The goal of Vanadium is to provide an abstraction layer that allows to run apps in the VM with a security model that is as close as possible to the security that apps running natively inside the secure enclave benefit of.

This document discusses how this is achieved, and an important caveat to take into account to avoid risks.

⚠️ Important Exception:
The memory access pattern — that is, where the app reads or writes in memory — is not hidden during execution of V-Apps in the Vanadium VM.

Safety rules:
- Do not implement cryptography without fully understanding the security implications.
- Do not use cryptographic libraries that are not written for Vanadium.

This is an important difference compared to code running natively inside a secure enclave. The client can see some partial information about the memory accesses (particularly, what memory pages are accessed).

Therefore, certain cryptographic implementations where the memory access pattern depends on secrets information are unsafe. An example of unsafe code would be a lookup table indexed by bits derived from private keys.
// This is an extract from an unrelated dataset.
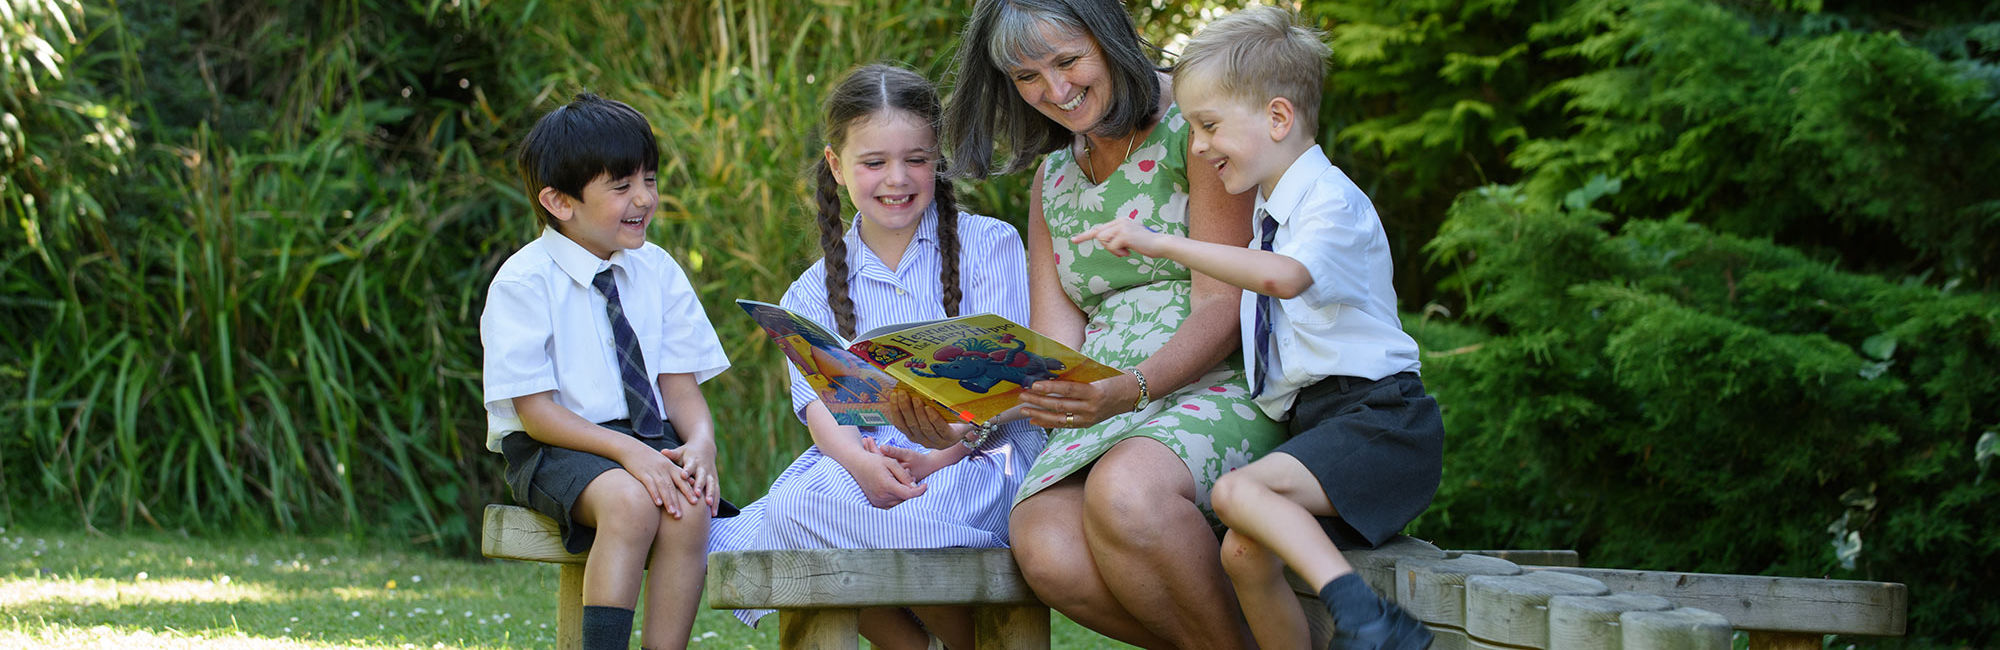 wycliffe teacher and nursery pupils reading a book outdoors

The app-sdk provides safe implementations for the common cryptographic requirements. Therefore, most apps do not need to implement any cryptographic algorithm at all - rather, they would build on top of the app-sdk or other libraries written for Vanadium.

The Vanadium VM app implemented on Ledger devices outsources to the client (contained in the vanadium-client-sdk) the storage of the V-Apps' RAM during execution.

However, the client runs on an untrusted host machine. The following countermeasures are implemented in Vanadium to prevent malicious behaviours:

• The memory of the app is organized in 256-byte pages, which are kept in the leaves of a Merkle tree. The client is responsible for keeping a copy of the entire Merkle tree, while the Vanadium VM app only stores the latest version of the Merkle root. Whenever a page is retrieved from the client, the client must respond with the content of the page, and the corresponding Merkle proof. The VM aborts if the proof is invalid.
• Pages for read-write memory are encrypted on the device before being sent to the client for storage. The client must respond with a Merkle proof that proves the computation of the new Merkle root. The VM aborts if the proof is invalid; otherwise, it updates the Merkle root.

Before a V-App can be used with the Vanadium VM on a real device, it must be registered.

Registration allows the user to trust the V-App hash from that moment onward. During registration, the user can inspect the V-App's name, version and hash, and compare it with the expected one from a trusted source.

See manifest.md for more information about the V-App hash.

Once the user approves, a HMAC is returned. This HMAC authorizes launching the V-App.

Note: The HMAC is invalidated if the Vanadium app is deleted or reinstalled.